Небо над Таврическим садом сплошь было залеплено толстыми и белесыми тучами. Из разрывов этих туч нет-нет, да и выскакивало солнце, ошалело плюхалось в пруд, секунду трепыхалось в холодной воде, как блесна, и тут же исчезало.
– …и равнодушная природа красою вечною сиять, – вдруг ни с того ни с сего назидательно сказал Барсуков и твердо посмотрел в глаза Лазарю Моисеевичу. Тот, являясь человеком тактичным, никакого недоумения не проявил, как будто так оно и следует, что необразованный «бомж и з» цитирует бессмертные строки.
– Красою. Вечною! – злобно настаивал Барсуков и, когда Лазарь наконец кивнул, добавил: – Природа вечна, а человек в ней ничто. Сегодня он есть, а завтра нету.
– Люди, безусловно, смертны, – согласился Кац.
Барсуков посмотрел на него с жалостью, махнул рукой, снял с головы кепочку и принялся яростно трясти ее, точно ботинок, в который набрался песок. Ничего не вытряс и деловито сказал:
– Привожу примеры исчезновения людей и предметов: сорок рублей восемьдесят четыре копейки, принадлежавшие лично мне. Так? Теперь: Виталий Матвеевич, старик…
– Какой Виталий Матвеевич? – спросил дотошный Кац.
– Какой он был, точно не знаю, – задумчиво ответил Барсуков, – но, полагаю, дерьмо… А как исчез – это видел сам: в прошлую среду около автовокзала попросил рубль, я ему: только, мол, трешка, он взял, говорит: ничего, разменяю. Пошел к ларьку, через улицу шел, я видел, а потом вылез трамвай – и с концами. Пропал человек.
– Ясно, – сказал Кац. – Еще какие были явления?
– Еще явление с синей машиной. Пустая, без людей, с горящими фарами днем.
– Стояла?
– Ага. Хрен тебе в зубы. Прямо с Московского по середине площади как вжарит. И на Садовую. Милиционер еще свистел.
– Я думаю, – сказал Кац, закуривая, – что все это просто цепь совпадений.
– Тебе хорошо, – Барсуков снова тряс свою кепку, – тебе хорошо – ты дурак…
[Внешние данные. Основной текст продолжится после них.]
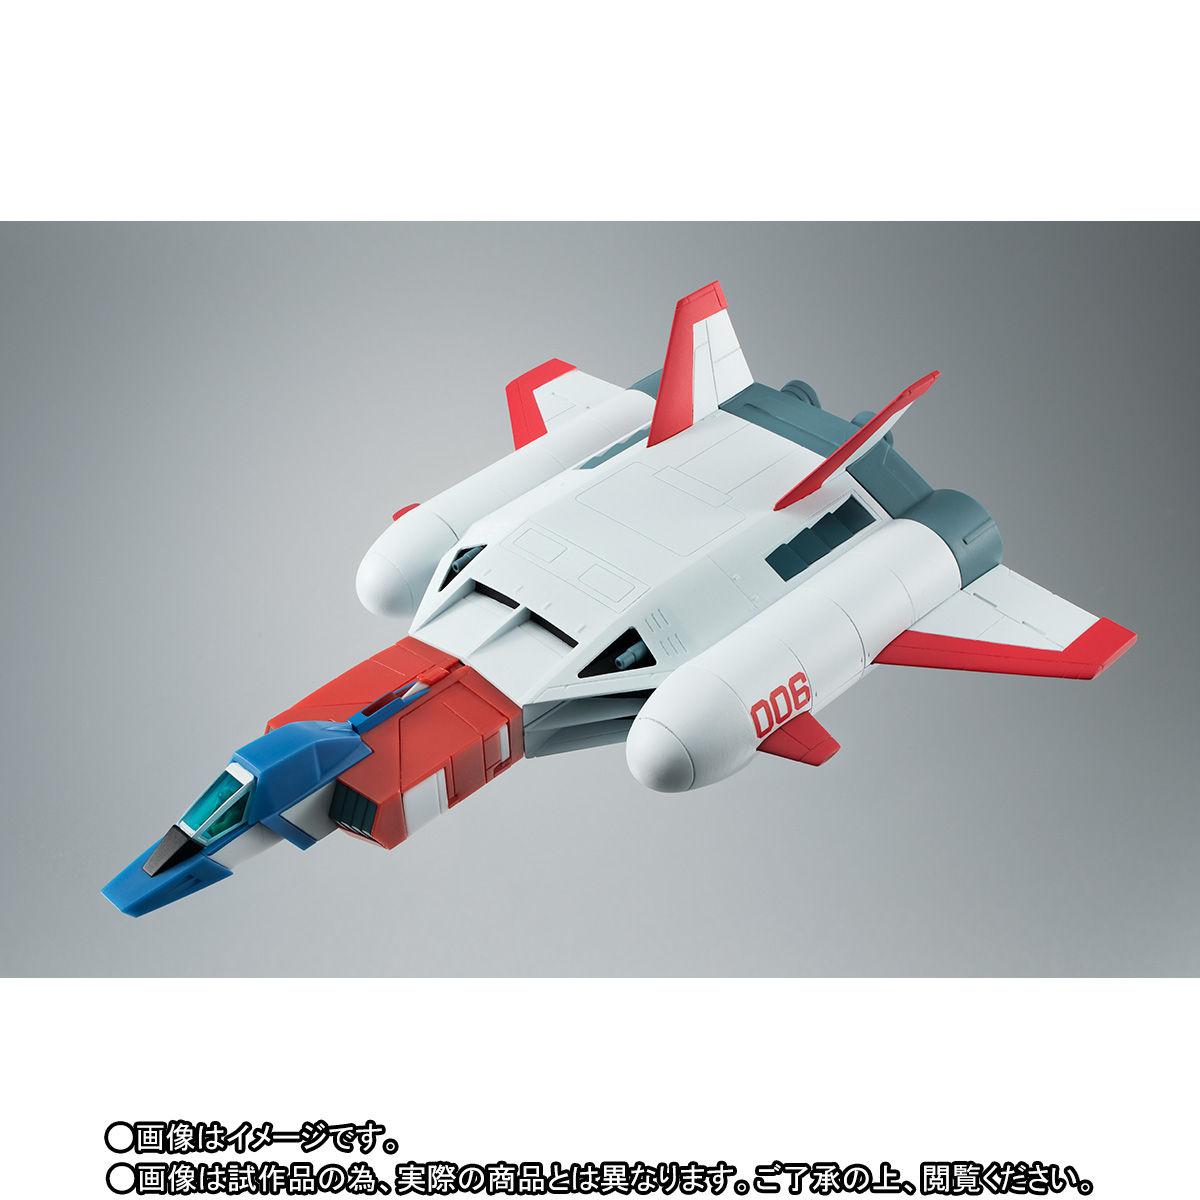 ROBOT魂〈SIDE MS〉『FF-X7-Bst コア・ブースター 2機セット ver. A.N.I.M.E. ~スレッガー005 & セイラ006~』機動戦士ガンダム 可動フィギュア-007

Он пожал руку ошеломленного Лазаря, который тут уж не сумел захлопнуть рта, и удалился величественной походкой человека, который знает, что ему делать. А кандидат технических наук долго еще стоял на пустой аллее у пруда с глупым выражением на интеллигентном лице.
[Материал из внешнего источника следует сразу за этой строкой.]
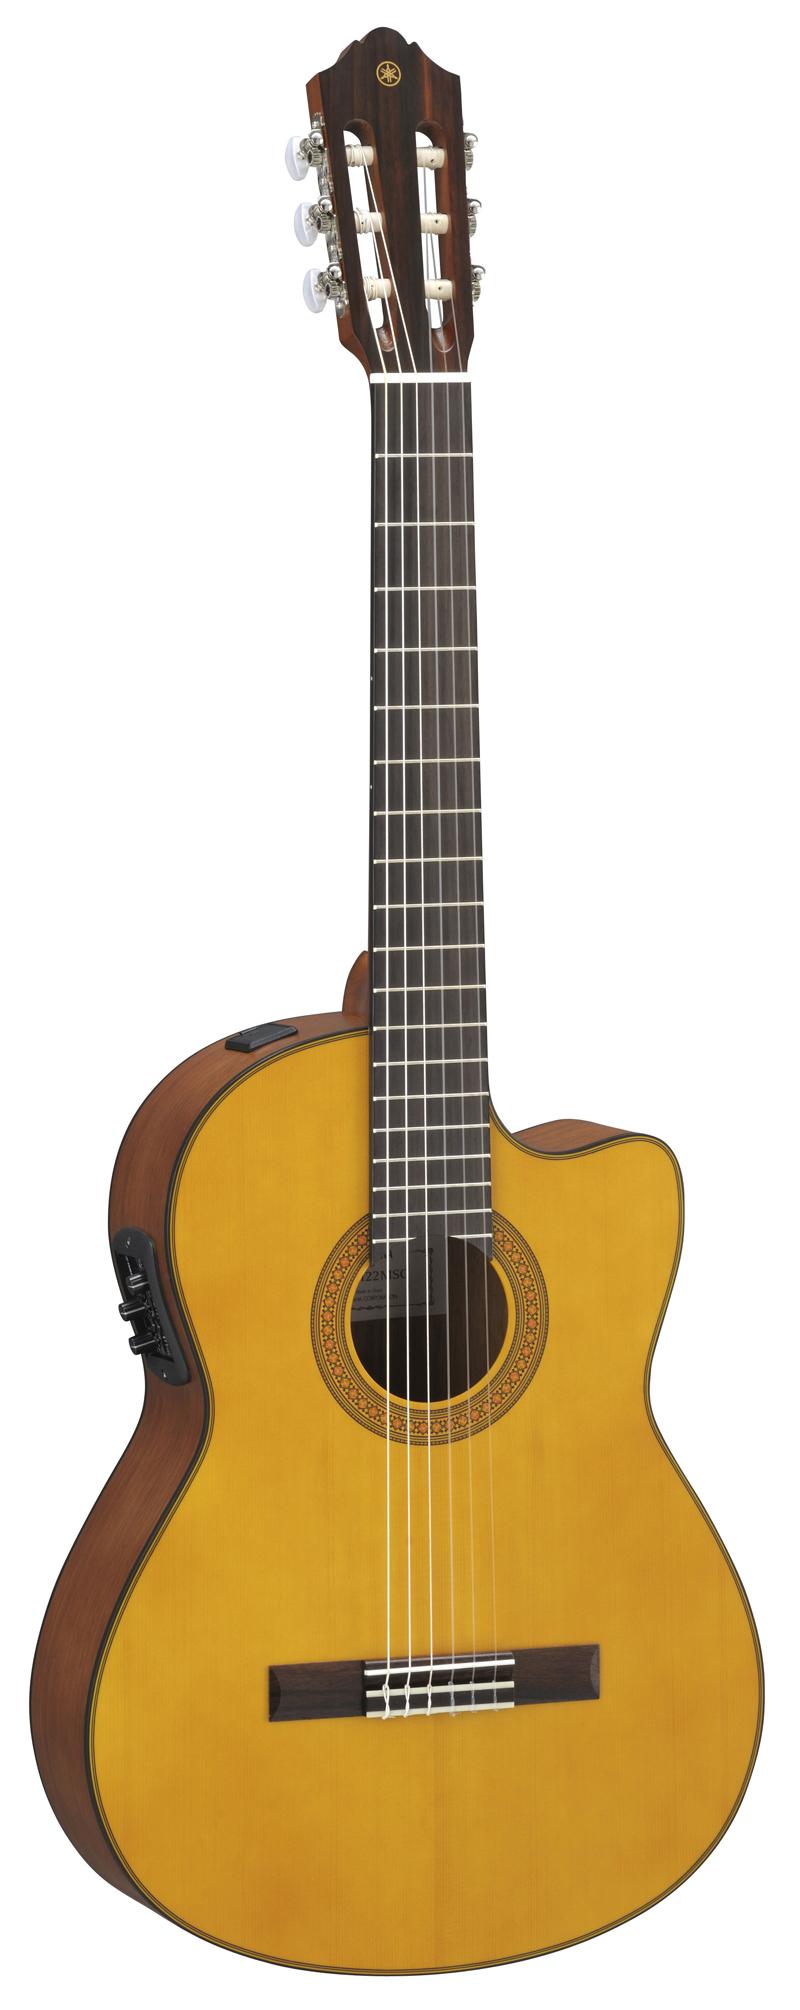 yamaha cgx122 msc elektro akustik gitarre 4 4 natur. Black Bedroom Furniture Sets. Home Design Ideas

Вечером того же дня, когда семья Кац сидела за чаем, а по телевизору показывали фигурное катание, раздался телефонный звонок.
– Лелик, тебя, – позвала Лазаря мать. – Ты бы все-таки объяснил им, что беспокоить человека после работы – не дело.
– Олег, может быть, я подойду? – сказала Фира. – А ты ушел и будешь поздно. Ага?
– Во-первых, я просил больше не называть меня Олегом…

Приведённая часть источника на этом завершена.